— Ничего подобного, — сказала она. — Оно значит: «Не вздумайте заговорить о важном». «У меня на лице улыбка, но я ничего не слышу, лучше уходите», вот что оно значит.

После чего она заявила, что ей надоело только делать вид, будто она знакомится с людьми.

— Так что садись рядом и расскажи мамочке, как умерли твои родители.

«Мамочке»! Представляете себе[9]?

Волосы у нее были прямые, темные, а глаза — карие и большие, как у моей матери, только она была гораздо выше, чем моя мать, и даже немного выше меня, если уж на то пошло. Еще она была гораздо стройнее матери — та позволила себе расплыться, и не обращала особенного внимания на то, как выглядят ее волосы и что на ней надето. Ей было все равно, потому что отцу было все равно.

И вот что я рассказал:

— Мать умерла, когда мне было двенадцать лет, от заражения столбняком, который она подхватила на консервной фабрике в Калифорнии. Фабрику открыли на том месте, где раньше были конюшни. Бациллы столбняка часто поселяются во внутренностях лошадей, безо всякого вреда для них, а потом, в навозе, превращаются в долговечные споры, маленькие бронированные семена болезни. Одно из них, притаившееся в земле около фабрики, каким-то образом выпросталось и отправилось в путешествие. И после очень-очень долгого сна это семечко пробудилось в раю — всем бы нам так. Рай для него находился внутри пореза на руке моей матери.

— Пока, мамочка, — вставила Цирцея Берман.

Опять это слово, «мамочка».

— По крайней мере ей не пришлось жить во время Великой Депрессии, которая наступила всего через год, — сказал я.

И по крайней мере ей не пришлось увидеть, как ее единственный ребенок вернулся с войны домой циклопом.

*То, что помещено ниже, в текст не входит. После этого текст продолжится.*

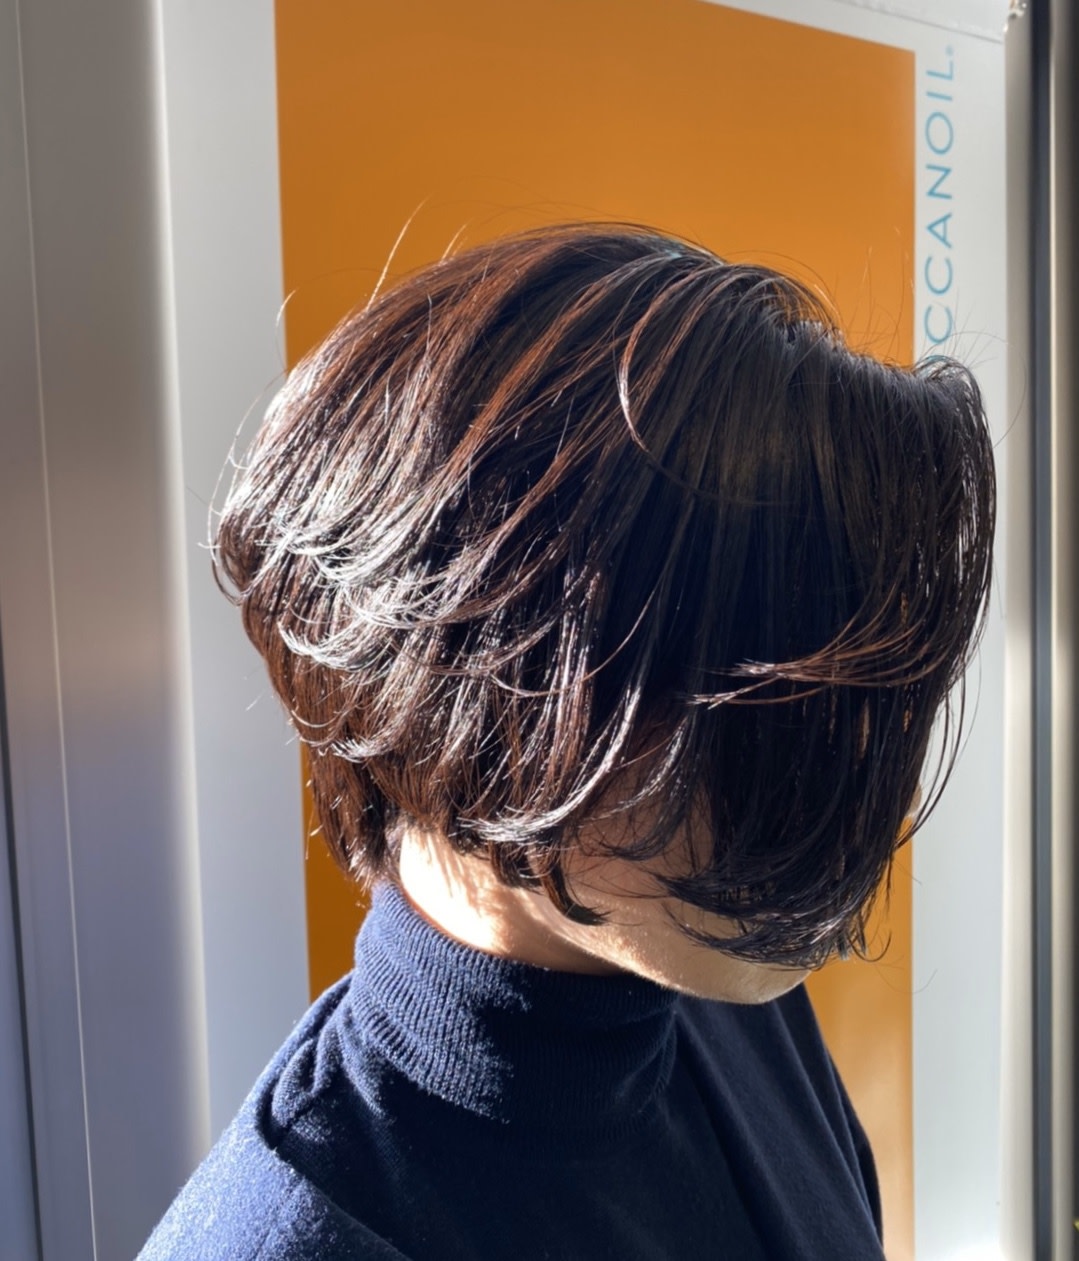 OGG hair【オグヘアー】のスタイル紹介。ニュアンスショートスタイル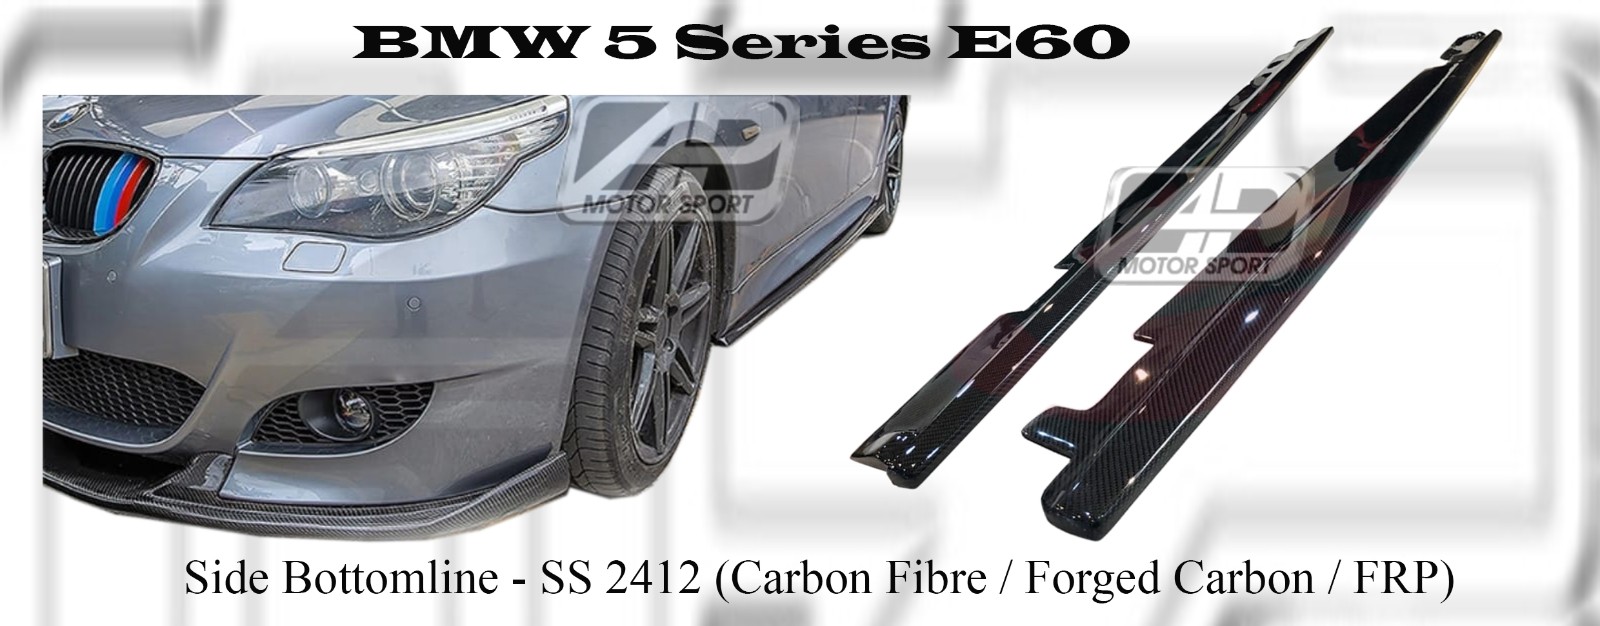 BMW 5 Series E60 Side Bottomline (Carbon Fibre / Forged Carb

— А как умер отец? — спросила она.

— Он умер в 1938 году в кинотеатре «Бижу», в Сан-Игнасио, — ответил я. — Он ходил в кино один. Ему и в голову не пришло снова жениться.

Он так и жил над калифорнийской лавчонкой, которая помогла ему сделать первый шаг в экономике Соединенных Штатов. А я к тому времени уже пять лет как жил в Манхэттене — и работал тогда художником в рекламном агентстве. Когда фильм закончился, зажегся свет и все пошли домой. Все, кроме отца.

— А что за фильм? — спросила она.

— «Отважные мореплаватели», со Спенсером Трейси и Фредди Бартоломью[10], — ответил я ей.

* * *

Одному Богу известно, что отец мог вынести для себя из этого фильма про рыбаков, промышляющих треску на севере Атлантики. Возможно, он умер раньше, чем успел что-либо увидеть. Если же какую-то часть он все же посмотрел, то отметил, вероятно, с печальным удовлетворением, что показанное не имело совершенно никакого отношения ни к чему, что он когда-либо видел, и ни к кому, с кем он когда-либо был знаком. Он бережно собирал доказательства того, что планета, на которой он жил и которую любил в детстве, исчезла безвозвратно.

Он таким способом хранил память о друзьях и родственниках, жертвах резни.

* * *

В каком-то смысле можно сказать, что он был сам себе турком, втаптывал сам себя в грязь и плевал сам на себя же. Он вполне мог бы выучить английский и стать уважаемым учителем, прямо там, в Сан-Игнасио, мог бы снова начать писать стихи, или переводить любимых армянских поэтов. Но это было бы для него недостаточно унизительно. Единственное, что его устраивало — это стать, со всем своим образованием, тем, чем были его отец и дед, а именно сапожником.

Он хорошо знал это ремесло, к которому был приставлен еще мальчишкой, и к которому мальчишкой буду приставлен и я. Но вы бы слышали, как он жаловался! Впрочем, жалел он себя на армянском, так что понимали его только я и мать. Кроме нас, ни одного армянина нельзя было найти в радиусе ста миль от Сан-Игнасио.

— А где тут Вильям Шекспир, ваш величайший поэт? — приговаривал он за работой. — Может, слыхали о таком?

Шекспира, в армянском переводе, он знал наизусть, и часто цитировал. «To be or not to be», например, было для него «Линэл кам чэ линэл».

— Если услышите, что я говорю по-армянски, вырвите мне язык, — приговаривал он. Таким было наказание, установленное турками в семнадцатом веке за слова, сказанные на любом языке, кроме турецкого: вырванный язык.

— Кто это такой? Как я здесь оказался? — приговаривал он, когда мимо по улице проходил ковбой, или китаец, или мексиканец.

— Скоро ли в Сан-Игнасио поставят памятник Месропу Маштоцу? — приговаривал он. Месроп Маштоц придумал армянский алфавит, непохожий на все другие, за четыре сотни лет до рождества Христова. Кстати, армяне были первым народом, принявшим христианство в качестве официальной религии.